Correlation analysis
Spearman correlations of BMP7 and BRMS1 were carried out using R software “lm” method and “corrplot” package in neuroblastoma cohorts.
Statistical analysis
Statistical difference of neuroblastoma sub-groups was performed using the two tails un-paired student’s t test. Cox regression survival analysis determined the p-values of the BMPs prognosis. P values in Kaplan-Meier survival analysis were determined by log-rank test. P value < 0.05 was chosen to be significantly different.
Results
Expressions and prognosis of BMPs in neuroblastoma
To analyze the expressions and prognosis of BMPs in neuroblastoma, transcriptional profiling of 1847 neuroblastoma patients derived from six published neuroblastoma cohorts were collected (S1 Table). And 16 members of BMPs were studied, including BMP1–7, BMP8A, BMP8B, GDF2 (BMP9), BMP10, GDF11 (BMP11), GDF7 (BMP12), GDF6 (BMP13), GDF5 (BMP14) and BMP15. The expressions of BMPs in neuroblastoma were found to be significantly varied. BMP1, BMP7 and BMP8B were relatively highly expressed in neuroblastoma in GSE16476, GSE62564, GSE85047 and TARGET datasets (Fig 1). However, other BMPs were barely detected in those datasets (Fig 1). Only a few BMPs were detected in E-MTAB-1781 and E-TABM-38 datasets. Nonetheless, the expressions of BMPs in E-MTAB-1781 and E-TABM-38 neuroblastoma were not significantly different (Fig 1).

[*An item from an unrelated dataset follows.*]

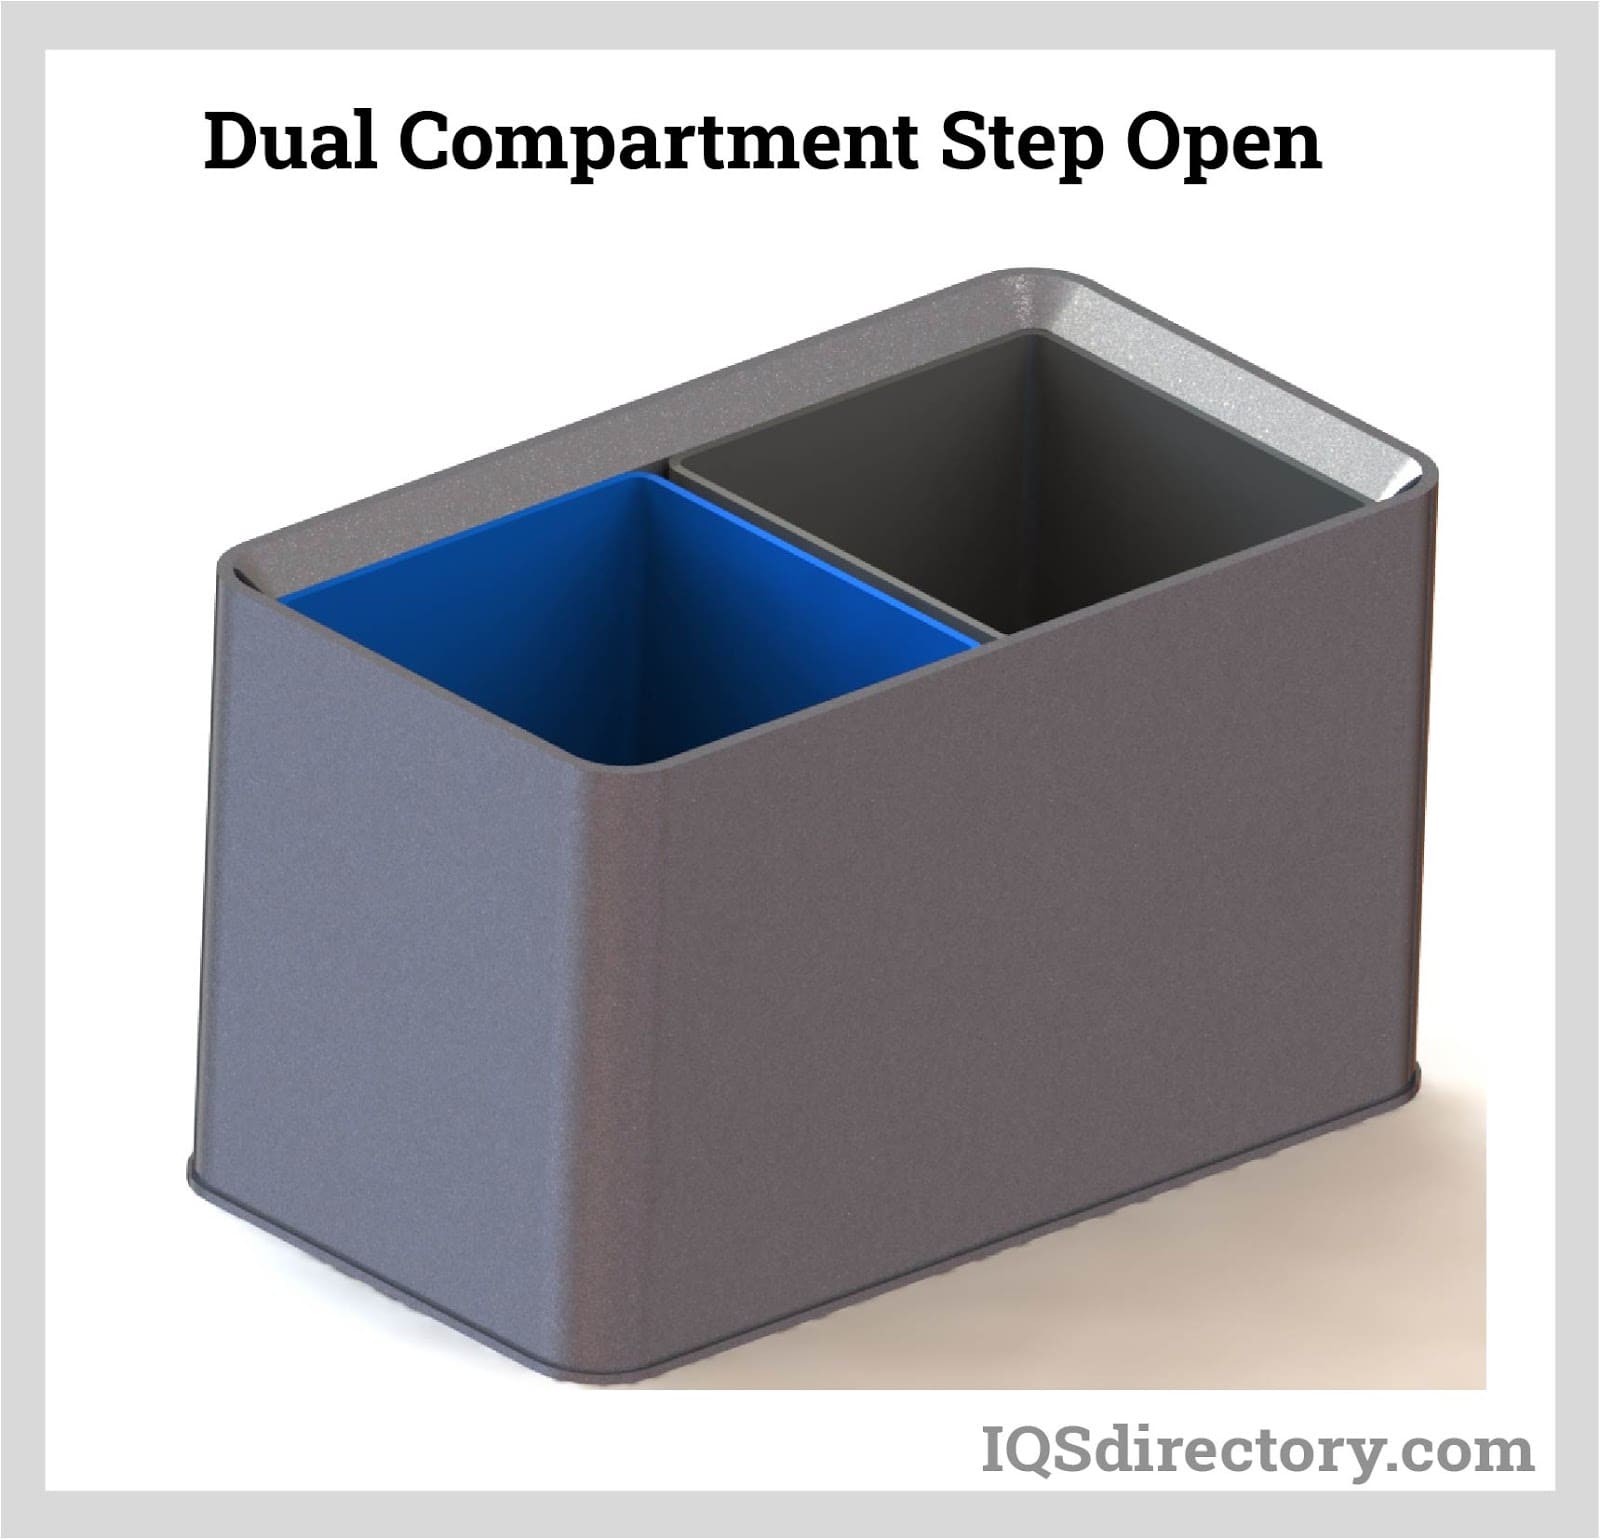 dual compartment step open

Relative expressions of BMPs in GSE16476, GSE62564, GSE85047, TARGET, E-MTAB-1781 and E-TABM-38 neuroblastoma cohorts.
Moreover, the prognosis of BMPs in neuroblastoma was determined using univariate cox regression analysis. Our findings showed that BMP1, BMP6, BMP7 and BMP9 were associated with the event free survival of neuroblastoma In GSE16476 dataset (S1 Fig). Similarly, BMP1, BMP6, BMP7, BMP8A and BMP8B were prognostic factors of event free survival in GSE62564 dataset (S1 Fig). In addition, BMP7 was associated with the event free survival of neuroblastoma in GSE85047 and TARGET datasets, as well as in E-MTAB-1781 and E-TABM-38 datasets where only a few BMPs were detected (S1 Fig).
Furthermore, BMP1, BMP6, BMP7 and BMP9 were associated with the overall survival of neuroblastoma in GSE16476 dataset (Fig 2). Similarly, BMP1, BMP5, BMP6, BMP7, BMP8A, BMP8B, BMP11 and BMP12 were associated with the overall survival of neuroblastoma in GSE62564 dataset (Fig 2). BMP7 was associated with the overall survival of neuroblastoma in GSE85047, TARGET, E-MTAB-1781 and E-TABM-38 datasets (Fig 2). Results from the six independent neuroblastoma cohorts suggested that BMP7 exhibited high expression and was associated with the event free survival and overall survival of neuroblastoma.
Forest plots showed the associations of BMPs expressions with the neuroblastoma overall survival in six cohorts. Hazard ratio (HR) and p values were determined by univariate cox regression analysis.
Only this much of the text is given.